*STORED DATA:*
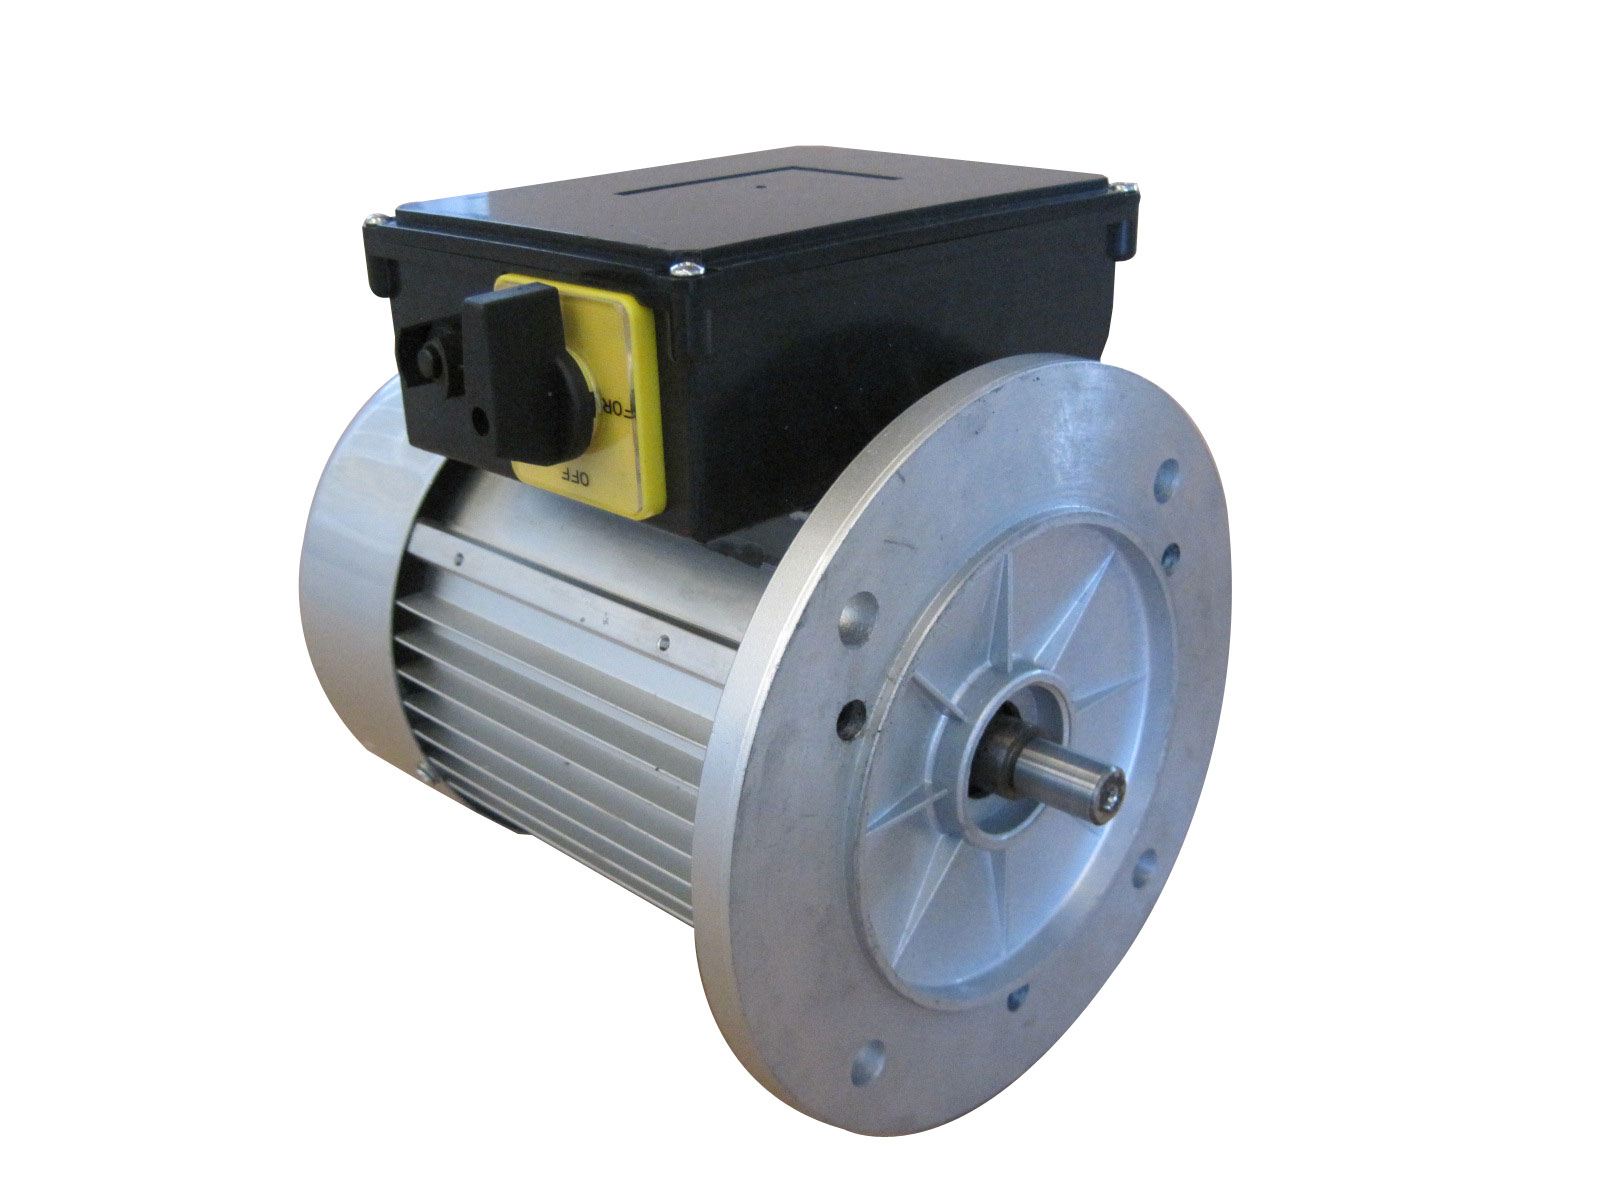 0.37 KW Meat Band Saw Motor
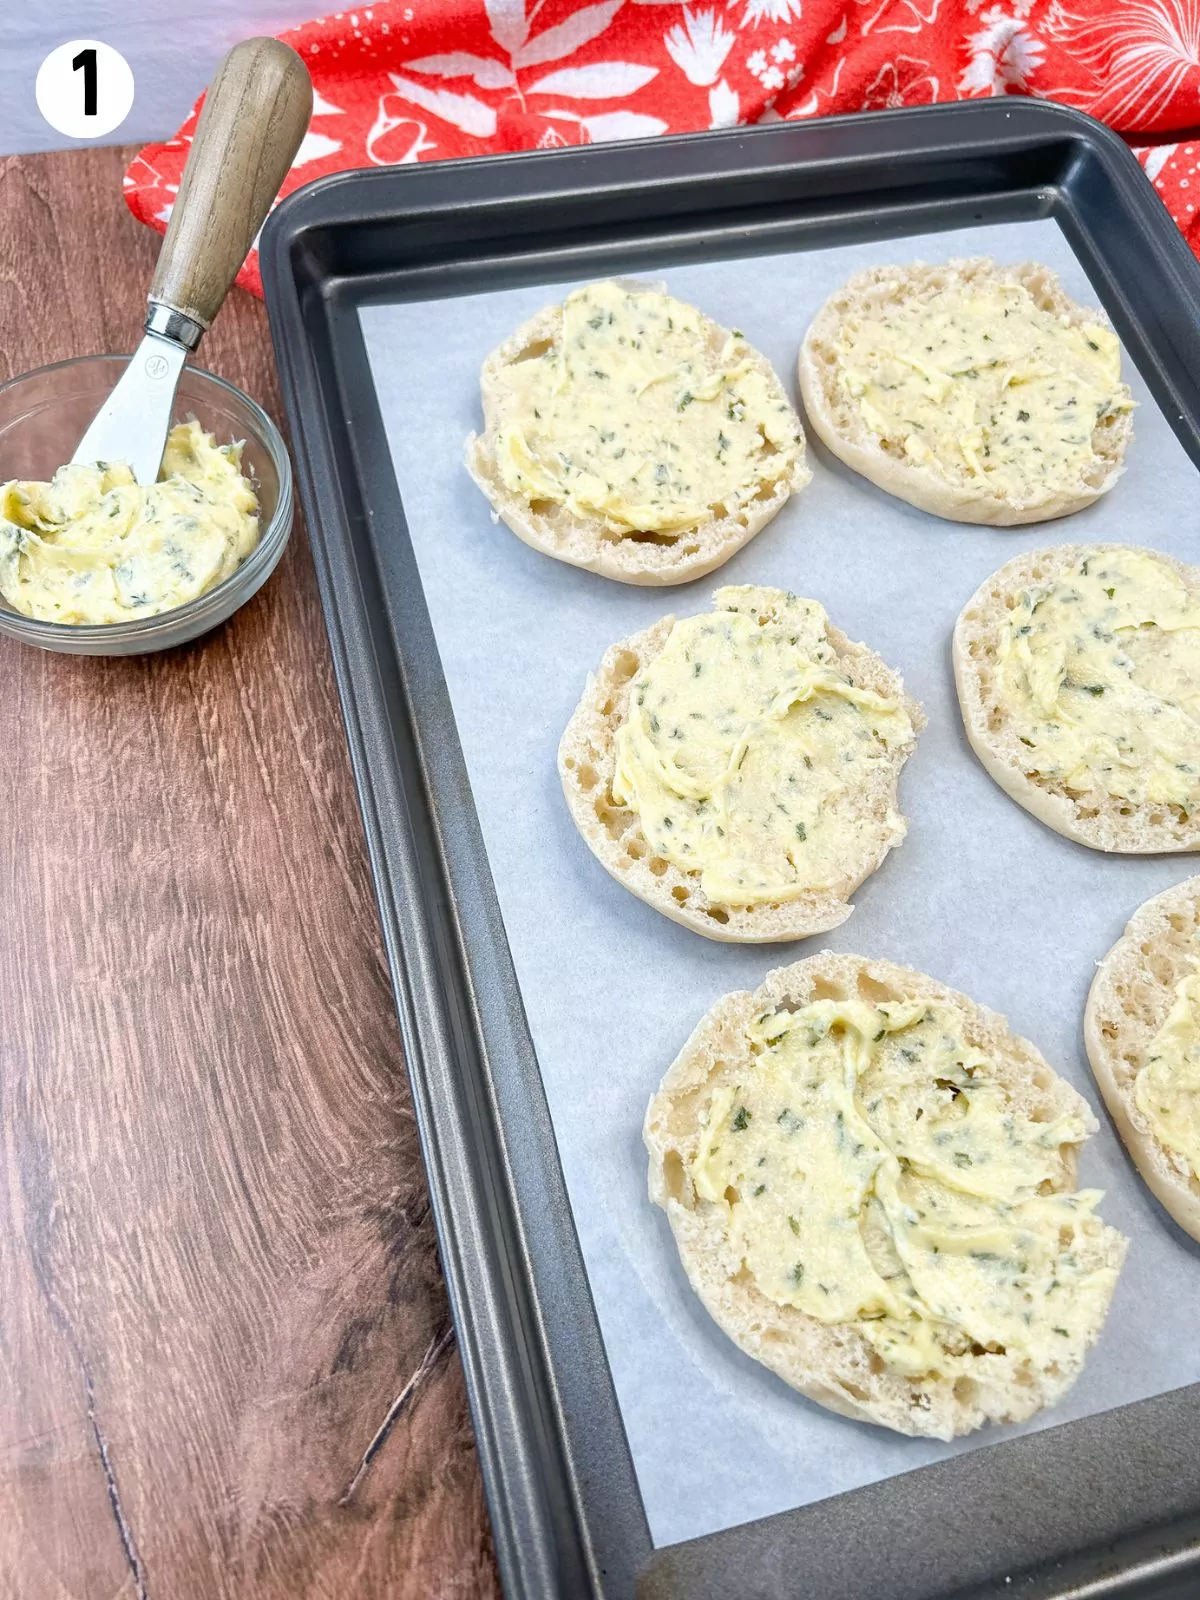 English muffins with garlic butter in small bowl.
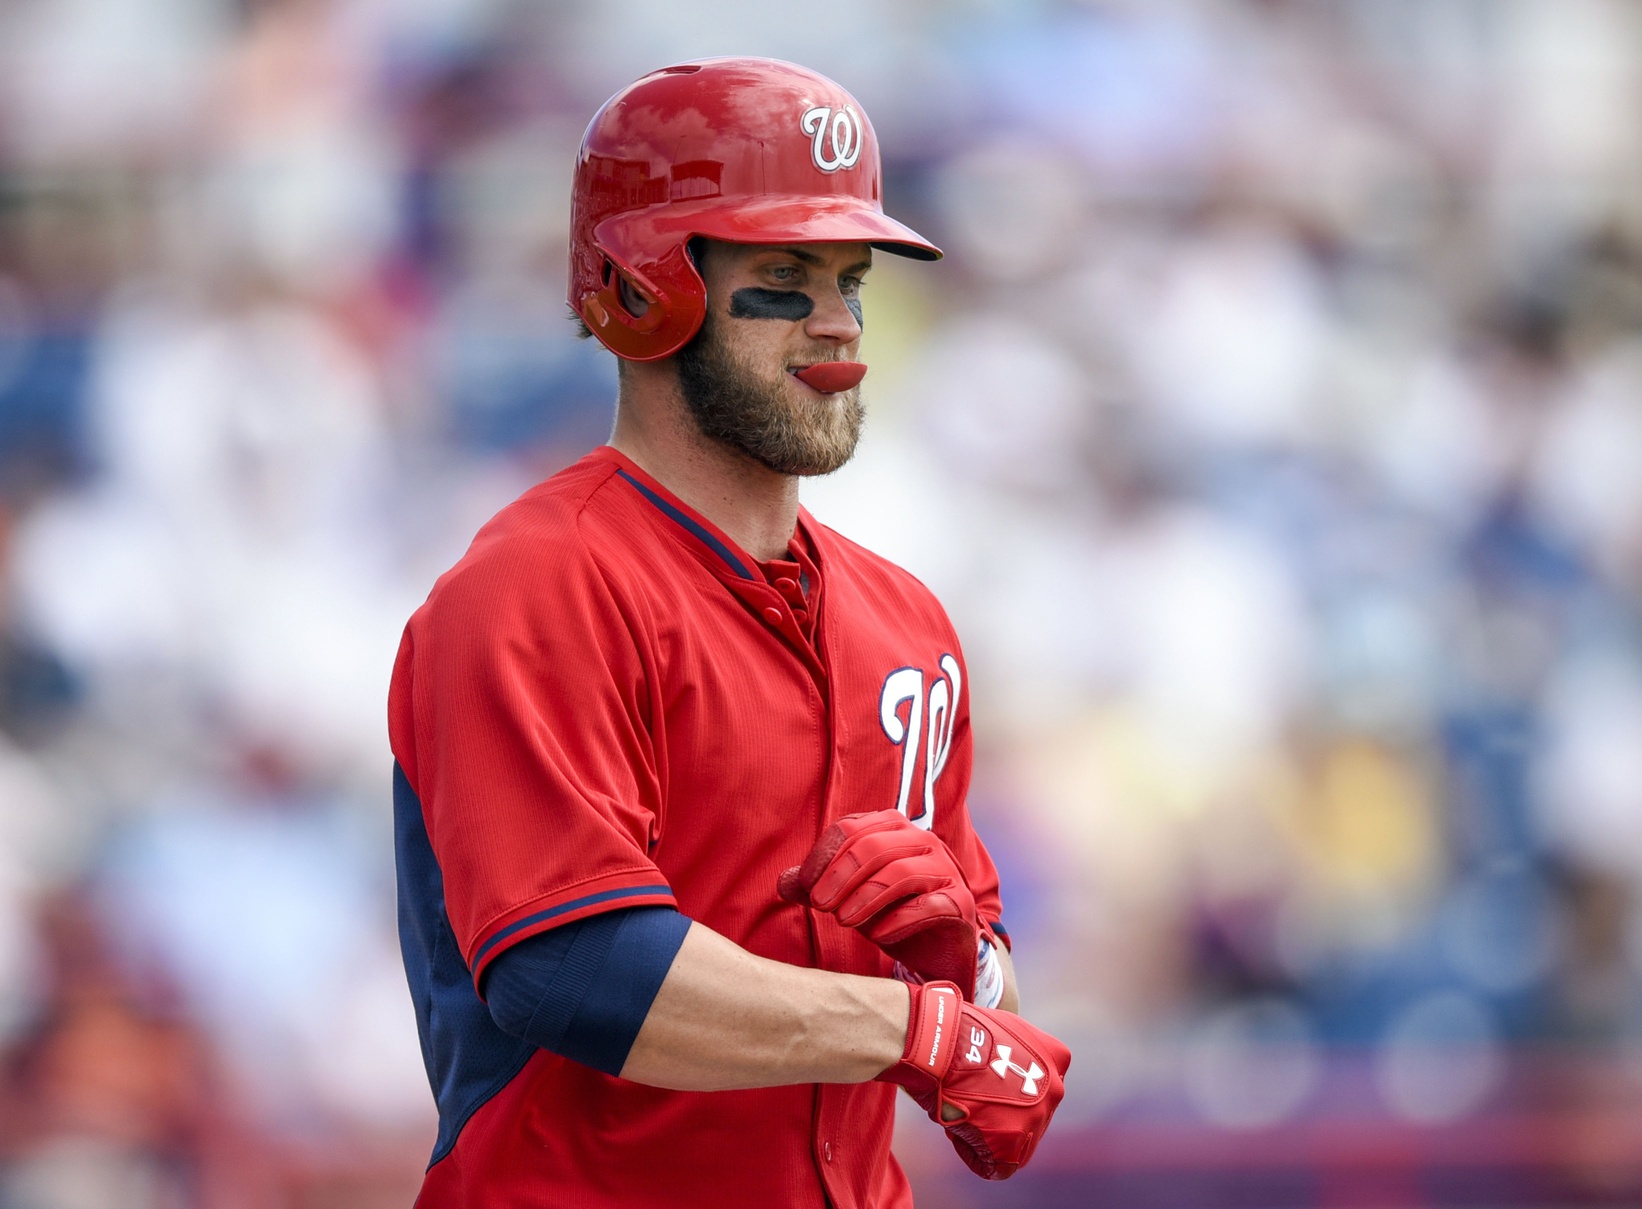 Bryce Harper's sneaky play was awesome and he should definitely do

*WHAT TO DO:* Return the complete material exactly as given, excluding images.

*RESPONSE TO THIS EXERCISE:*
 0.37 KW Meat Band Saw Motor
 English muffins with garlic butter in small bowl.
 Bryce Harper's sneaky play was awesome and he should definitely do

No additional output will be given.